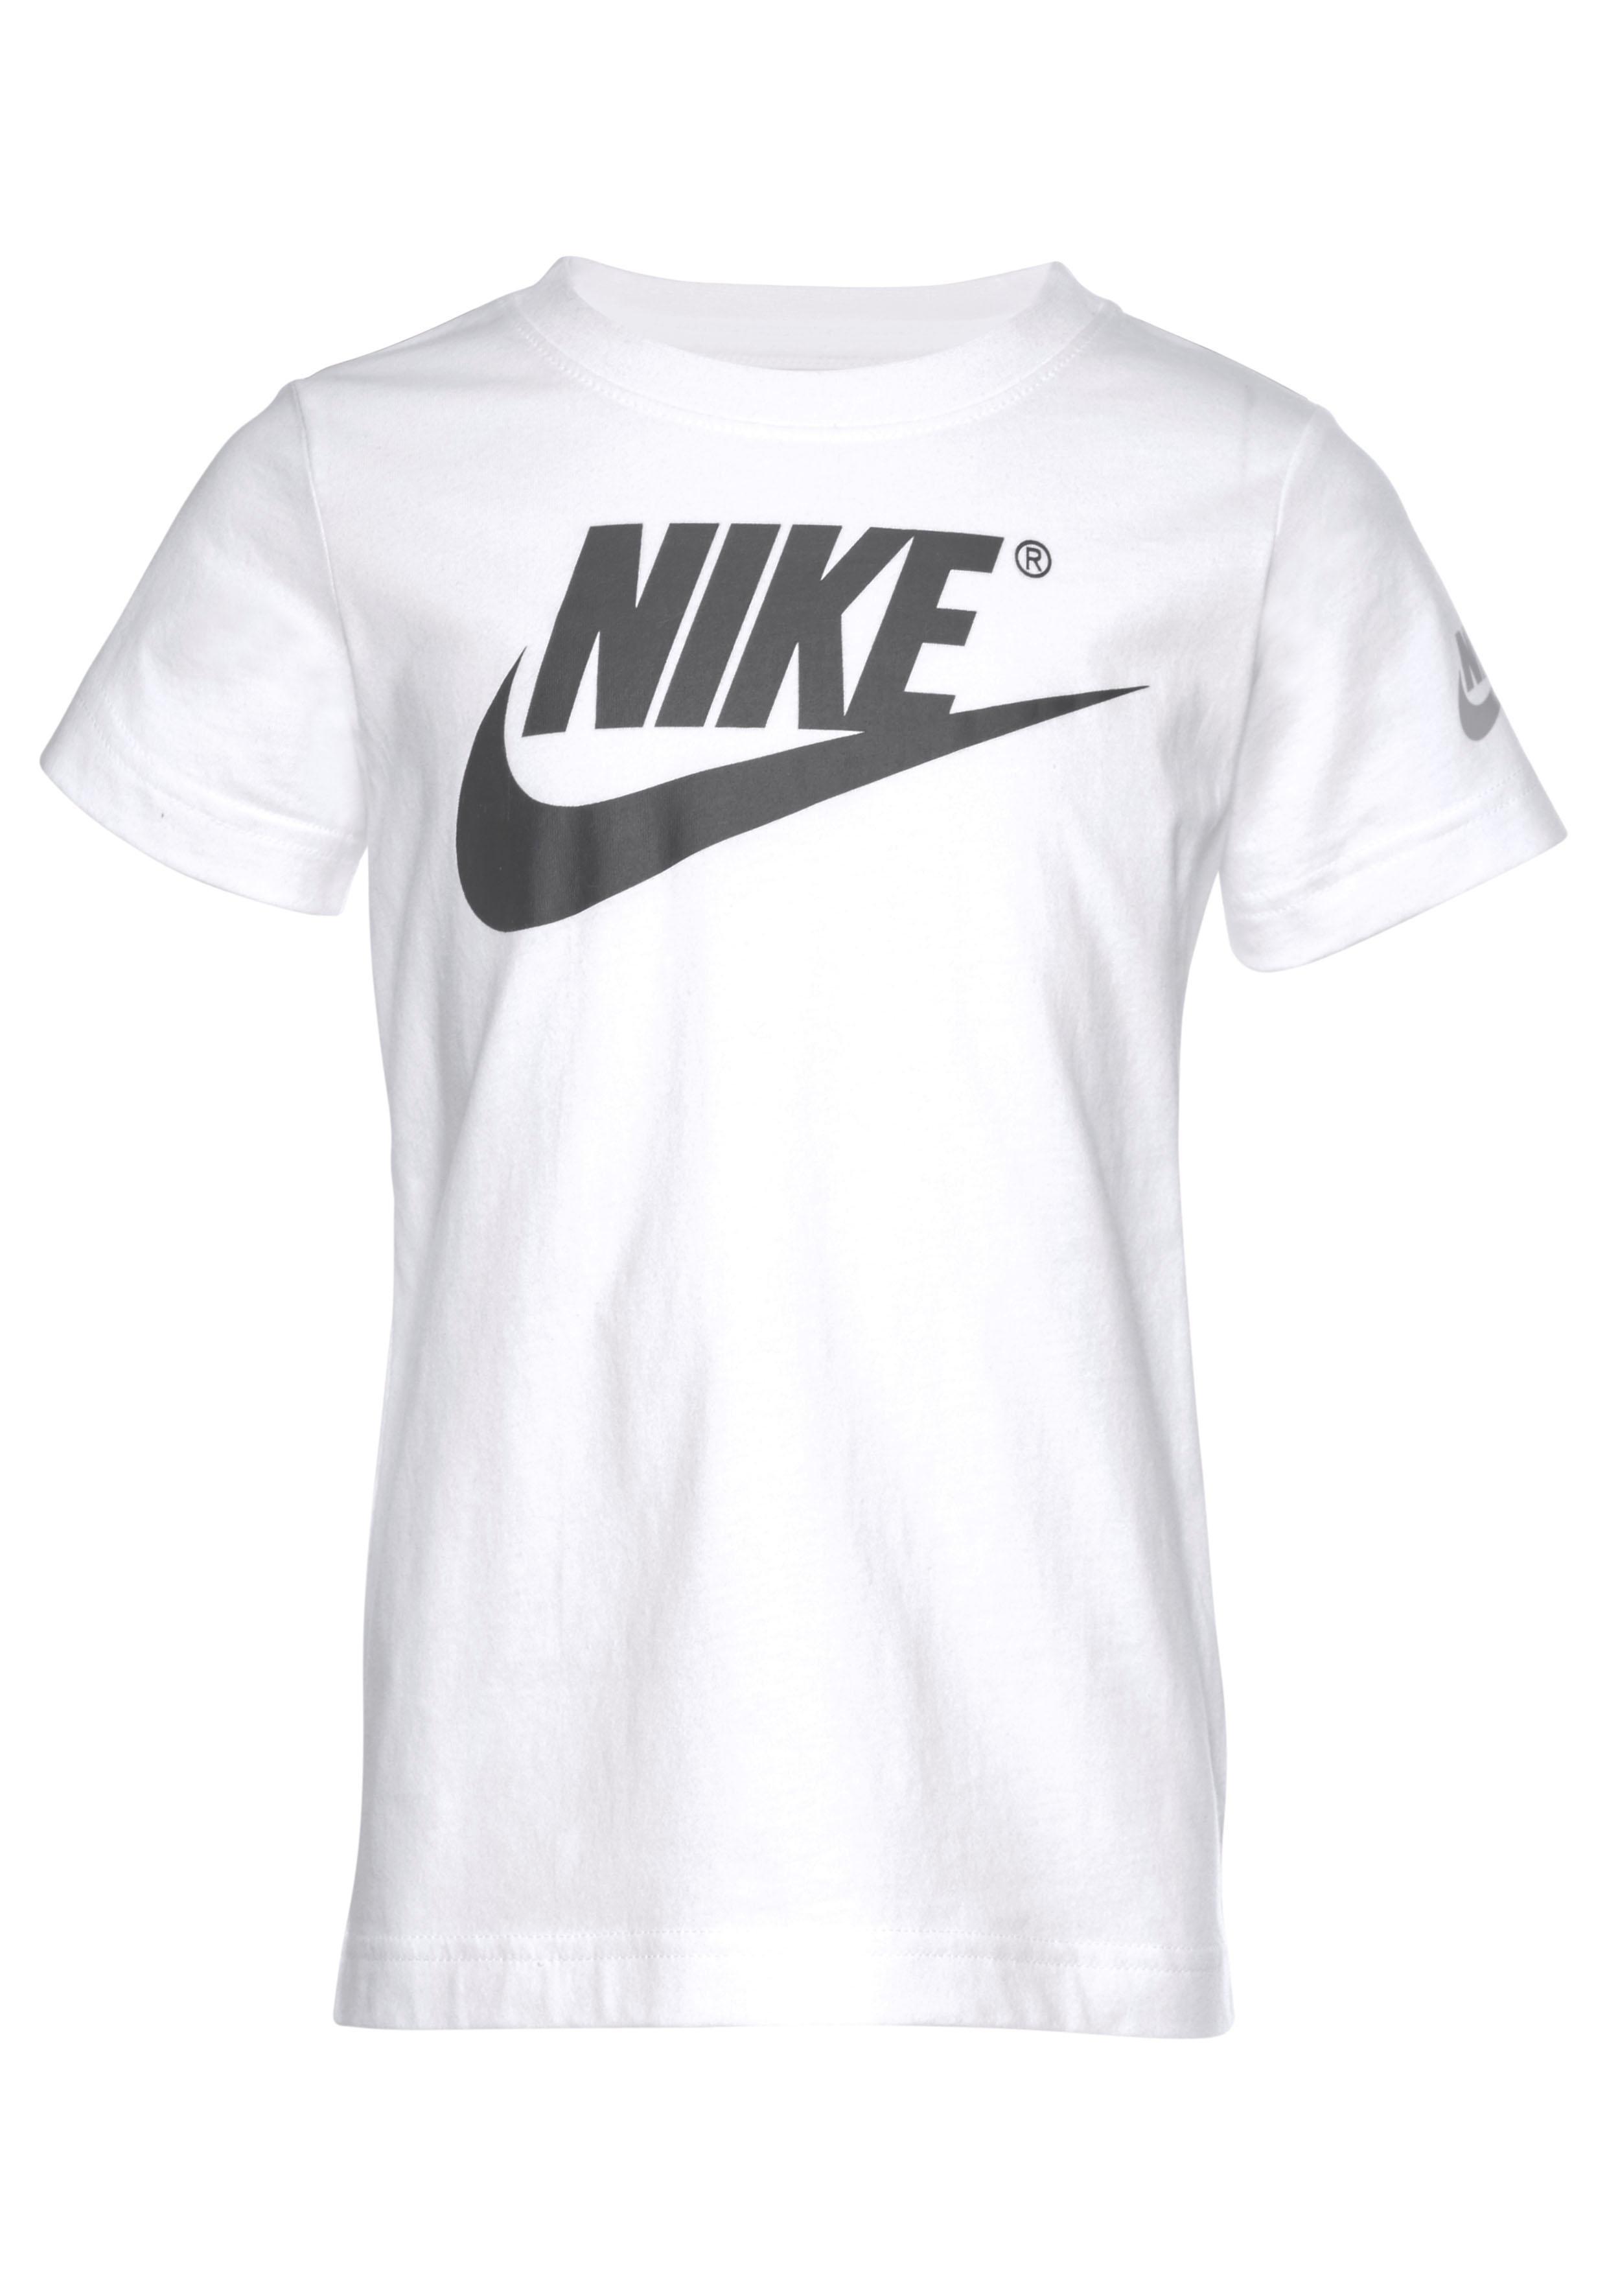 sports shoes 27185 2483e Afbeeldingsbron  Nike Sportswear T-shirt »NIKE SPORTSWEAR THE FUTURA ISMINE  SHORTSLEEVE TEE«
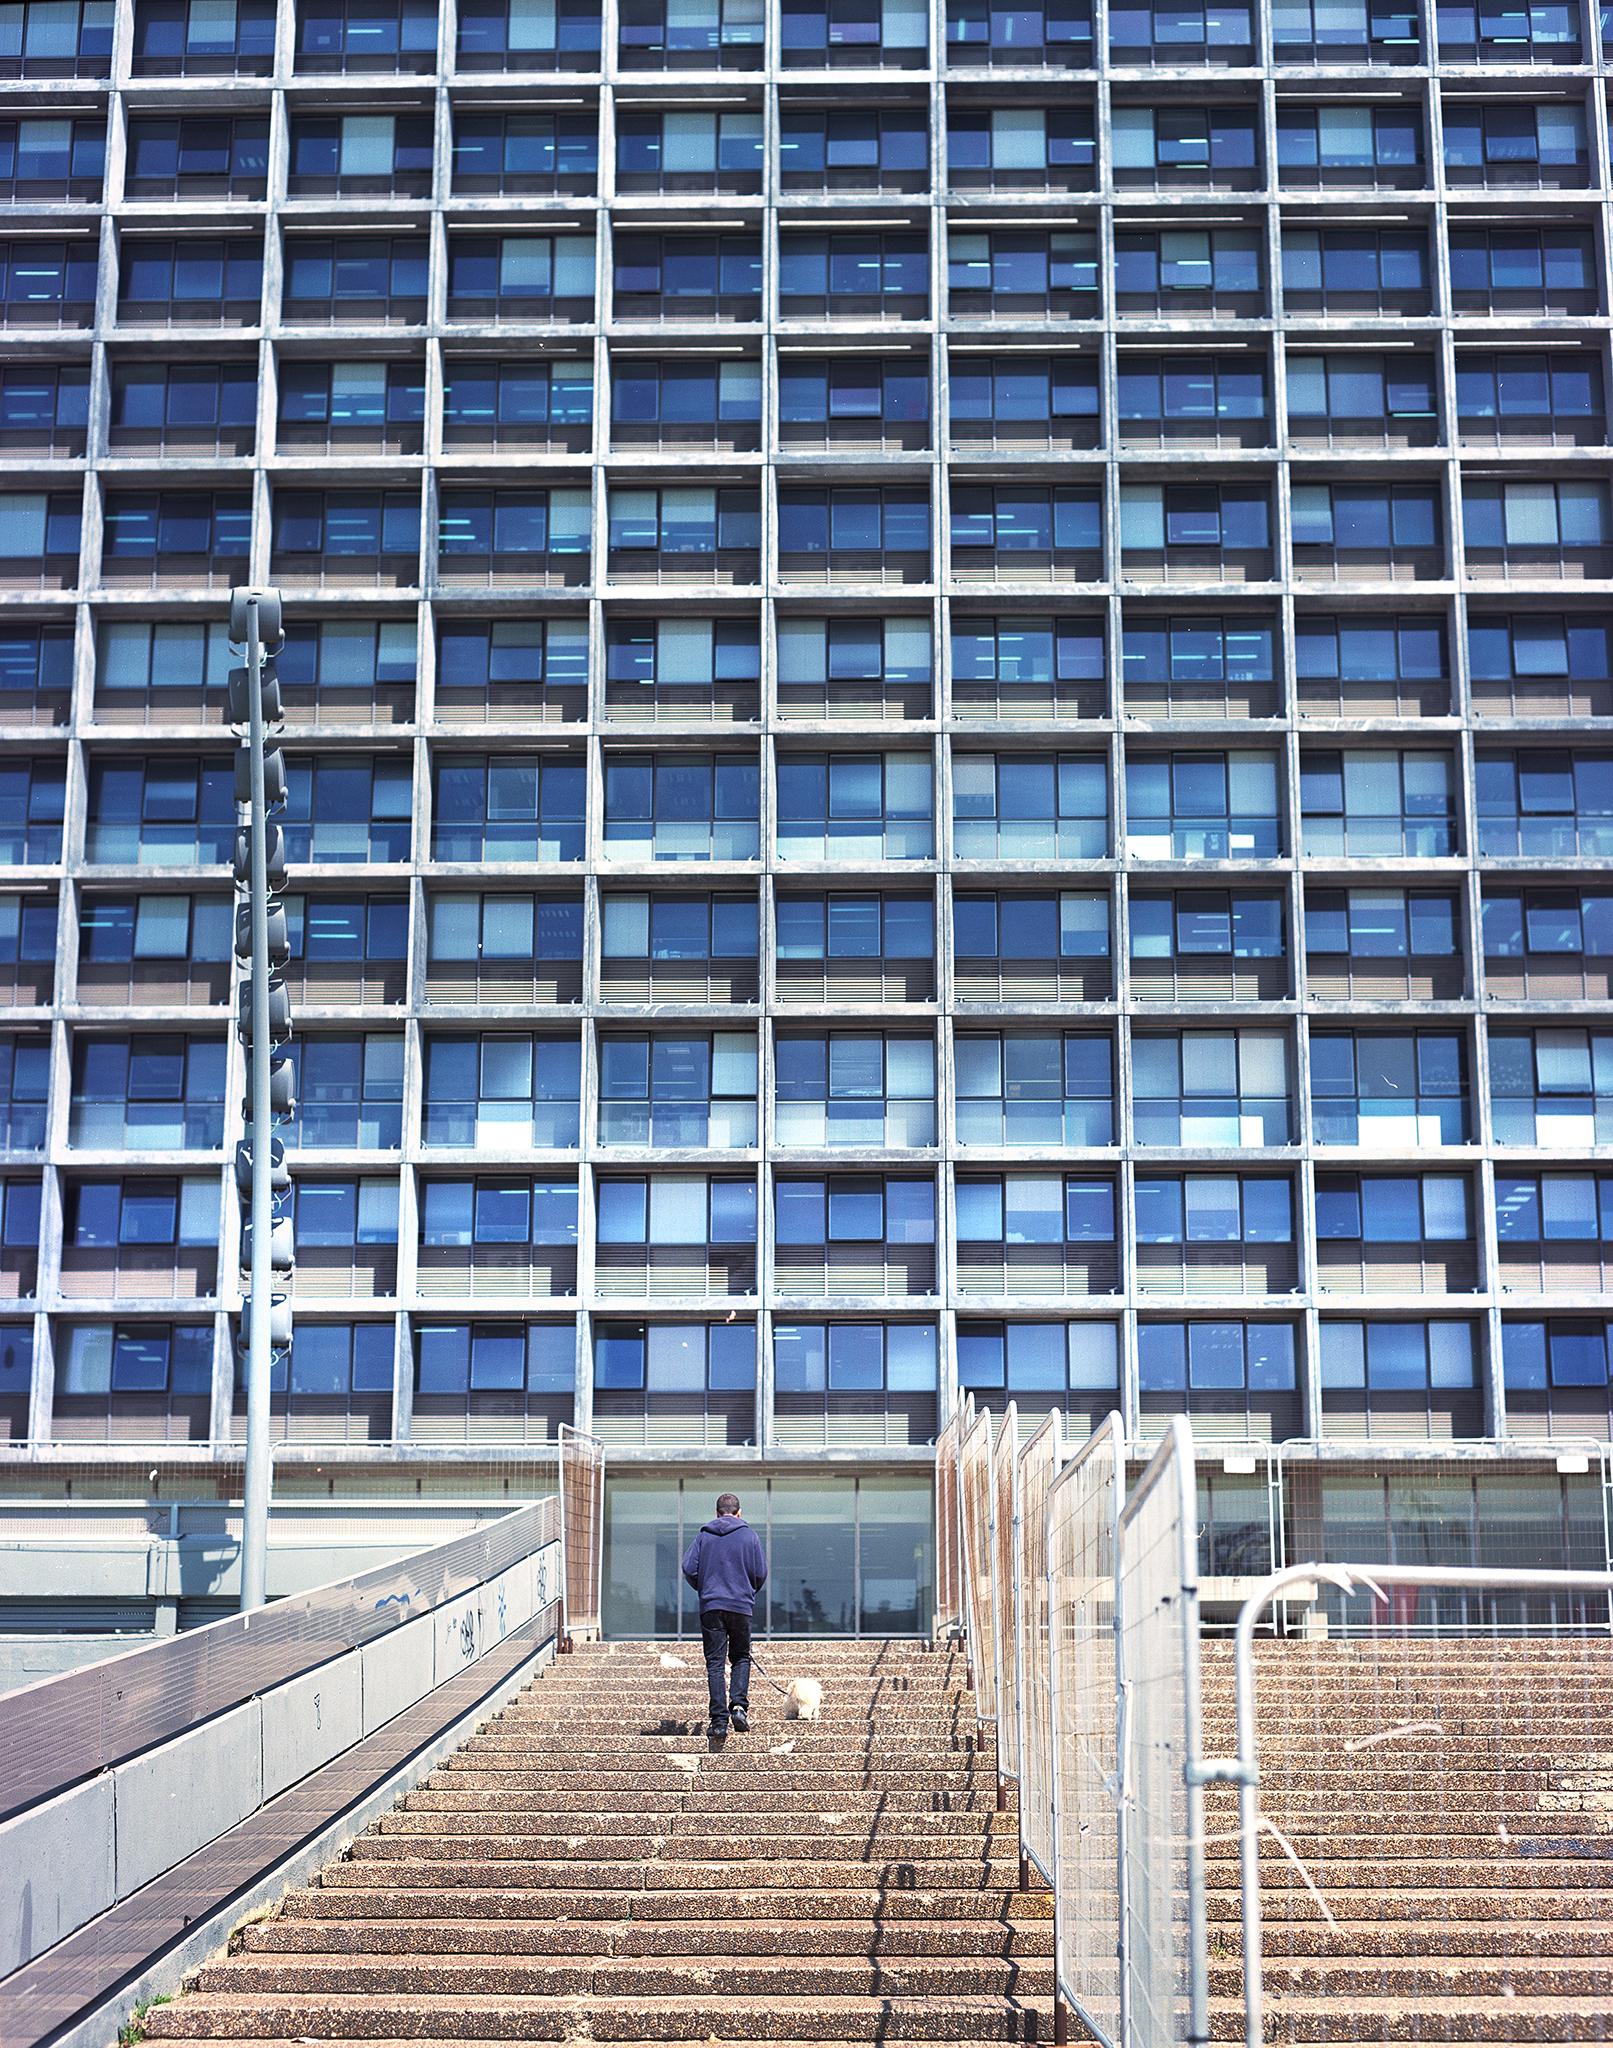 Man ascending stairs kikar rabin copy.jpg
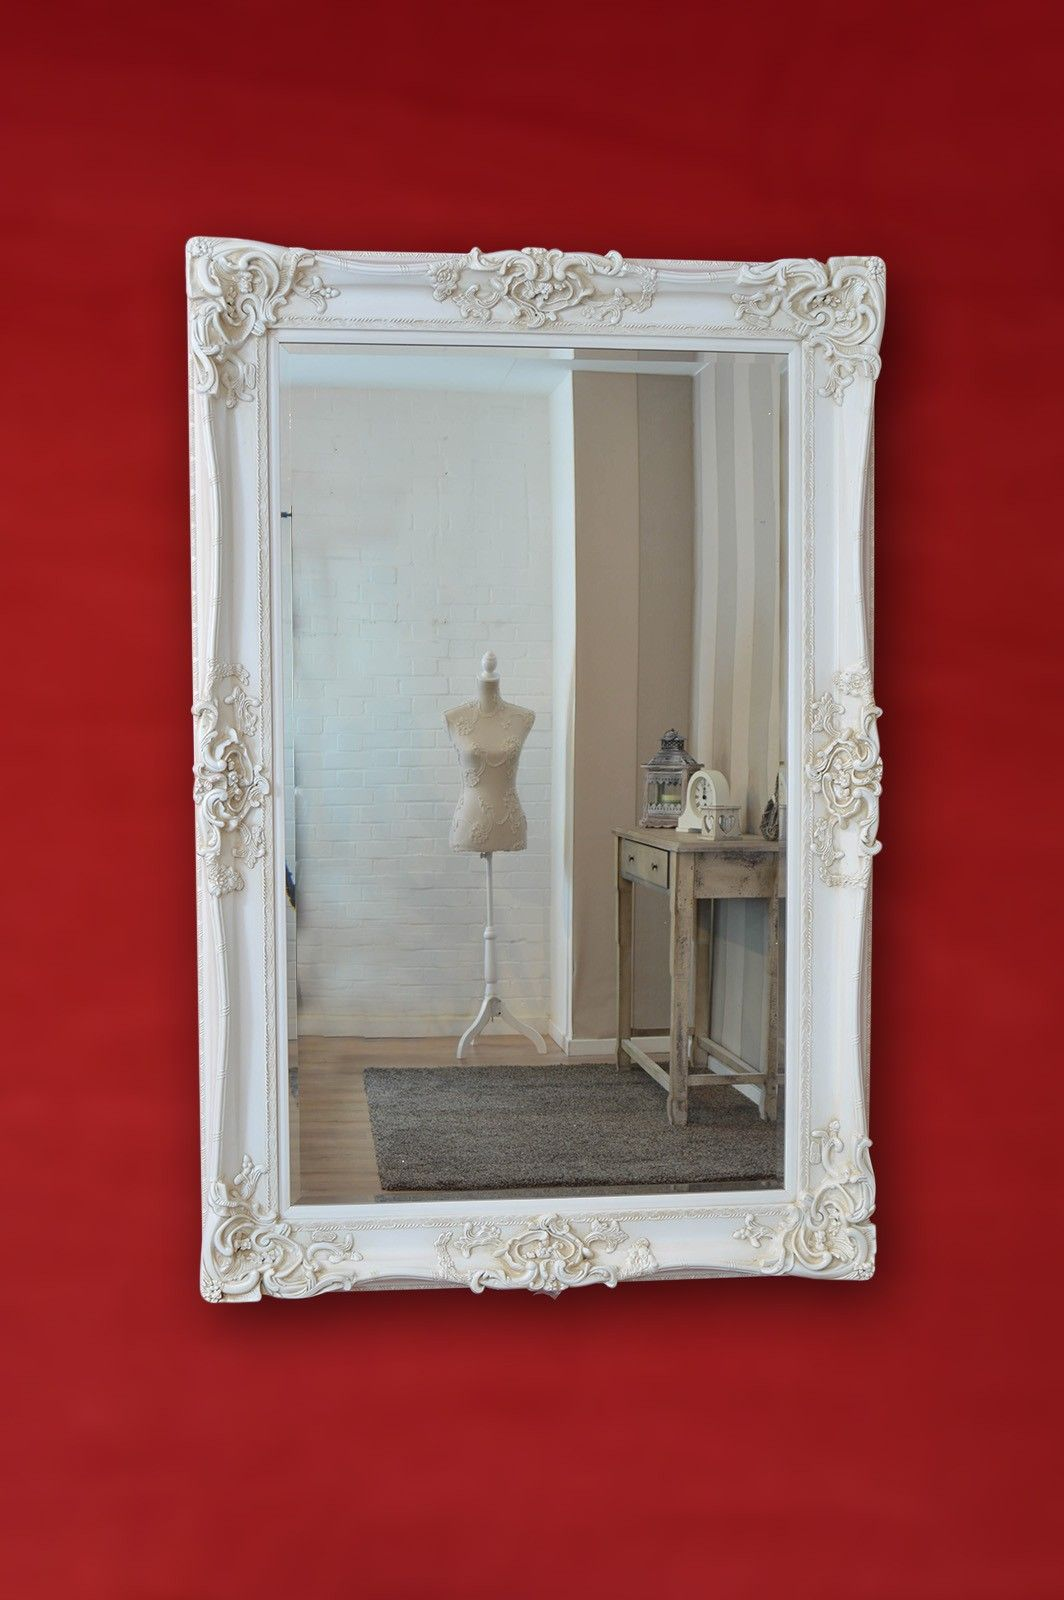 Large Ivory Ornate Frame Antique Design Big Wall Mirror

### Your assignment
Copy the data character for character, but drop all pictures from the copy.

### Answer to this problem
 sports shoes 27185 2483e Afbeeldingsbron  Nike Sportswear T-shirt »NIKE SPORTSWEAR THE FUTURA ISMINE  SHORTSLEEVE TEE«
 Man ascending stairs kikar rabin copy.jpg
 Large Ivory Ornate Frame Antique Design Big Wall Mirror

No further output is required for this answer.